Flushing redder. “No. I took it off. It was just some girl somewhere.”

Was the Gaffa tape your idea or hers?

“It was hers.”

Did alarm bells not start ringing at that point?

Almost purple by now. “She just had this thing about power tools. . .”

Matt nudges him, giggling.

“Dom represents the depravity of the band,” he says.

That is until the lights go down in Vienna’s Libro Music Hall, of course.

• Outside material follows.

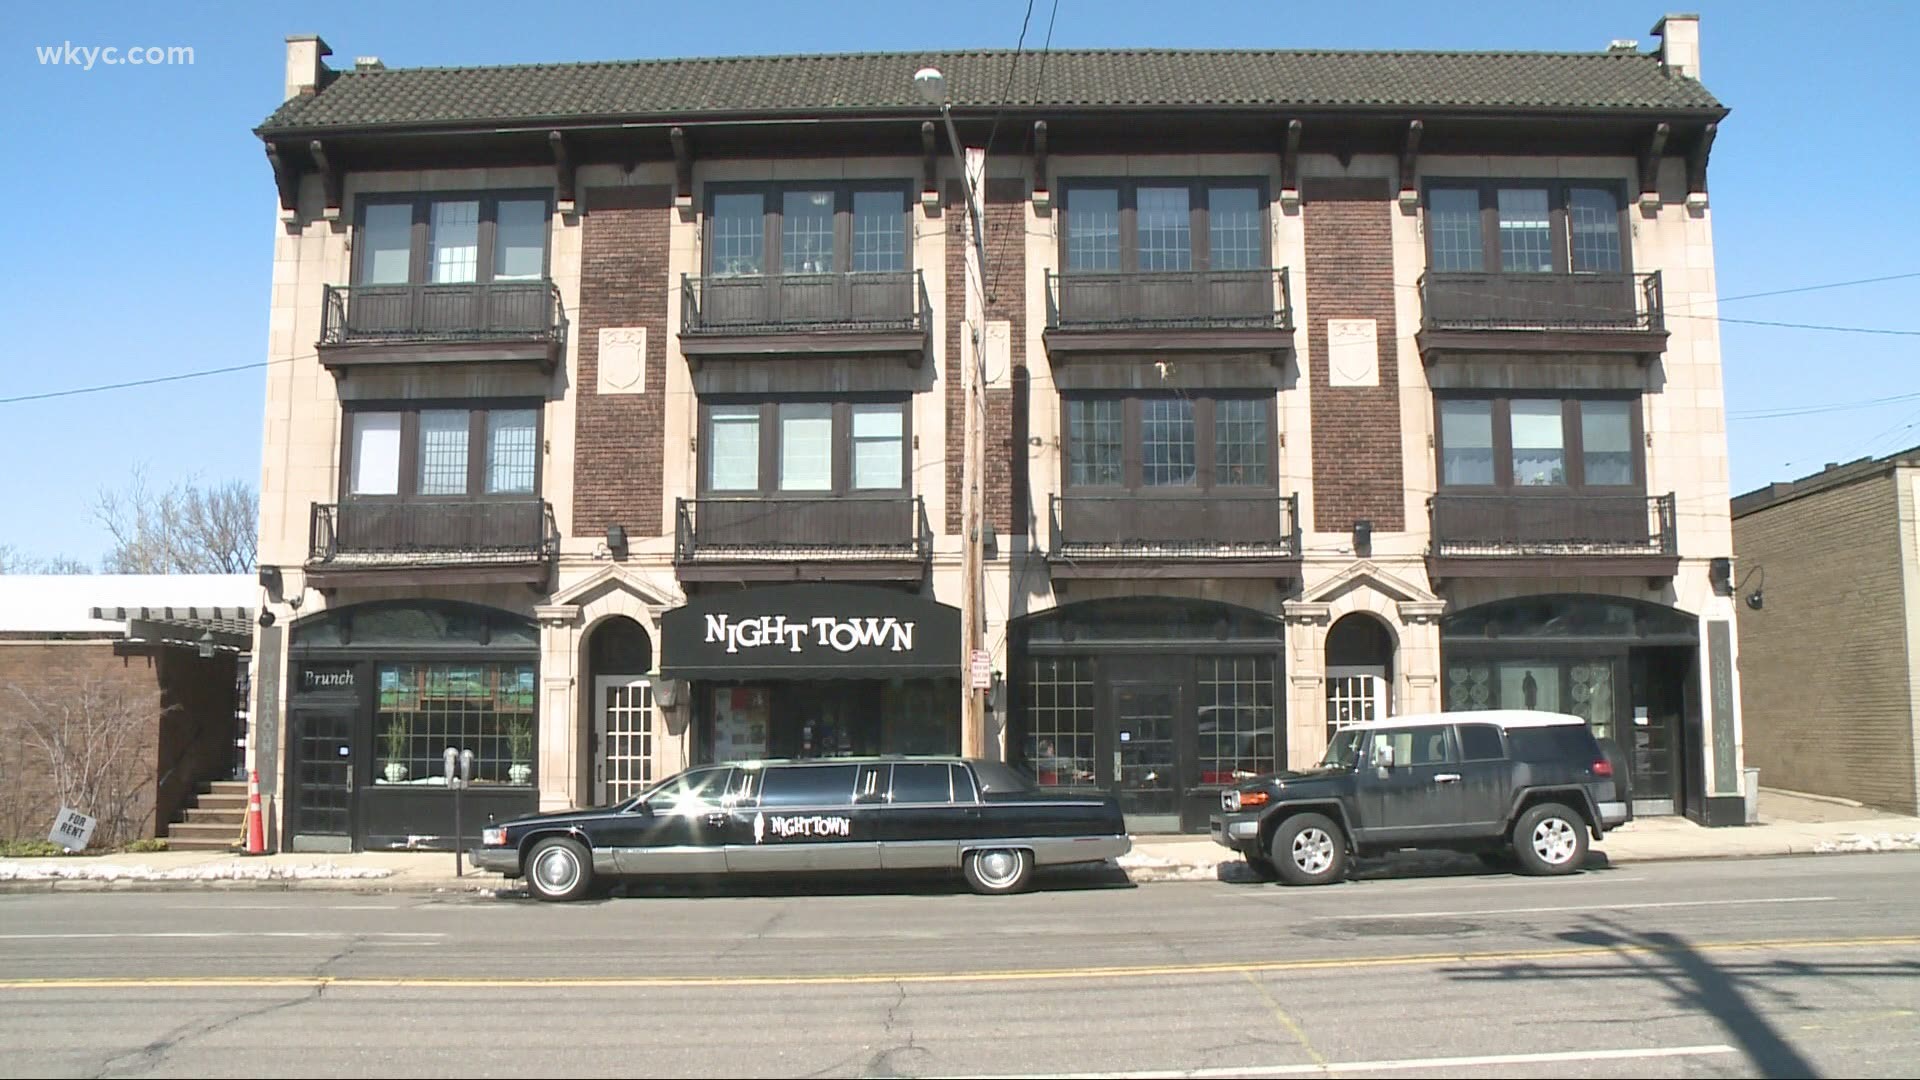 A big change is coming to one of the east side's most iconic locations. 3News has learned that owner Brendan Ring has sold Nighttown.

BASH! The guitar swings into the drumkit, sending a cymbal stand within inches of decapitating Dom. Smash! Strike two and the bass drum dissolves over the front row in a spray of splinters and sweat. Splat! Matt’s microphone stand arcs into the photo pit, coming dangerously close to making a hefty Austrian bouncer the first casualty of World War Muse.

An exhilarating close to a gut-throttling show, but security is disgruntled. Matt is advised to leave the venue for the airport that very second, while the road crew delay security by pretending to look up the German word for ‘litigation’. Dom and Chris crack open nervous lagers. Tension reigns.

“He’s got to be more careful,” Chris confides. “At the Astoria he attacked a mic stand that came apart. Bits of it slid all the way to the sound desk. Someone’s gonna get hurt.”

Tonight, though, all is settled with hand-shakes and the Muse army marches on, Austria effortlessly conquered. Within weeks, Muse return to tour Britain. You are advised to start digging the trenches immediately.

THE SINGLE ‘SUNBURN’ IS OUT NOW ON MUSHROOM RECORDS.

--

MUSE’S OTHER NEAR-DEATH EXPERIENCES

CHRIS: “I was in France. They were putting lights up and there was this guy coming down on a crane and it f***ing clipped my hair. I only just got out of the way.” MATT: “I got a paper round when I was about 13 and in the first week I got knocked over by a car on my bike. I came back a couple of days later and got bitten really savagely by a dog on my arm, had to have loads of injections. I packed it in.” DOM: “I was riding a bike in Amsterdam once – I didn’t realise you had to pedal backwards to brake and there’s trams all over the place. I came stupidly close to getting run over by a tram.”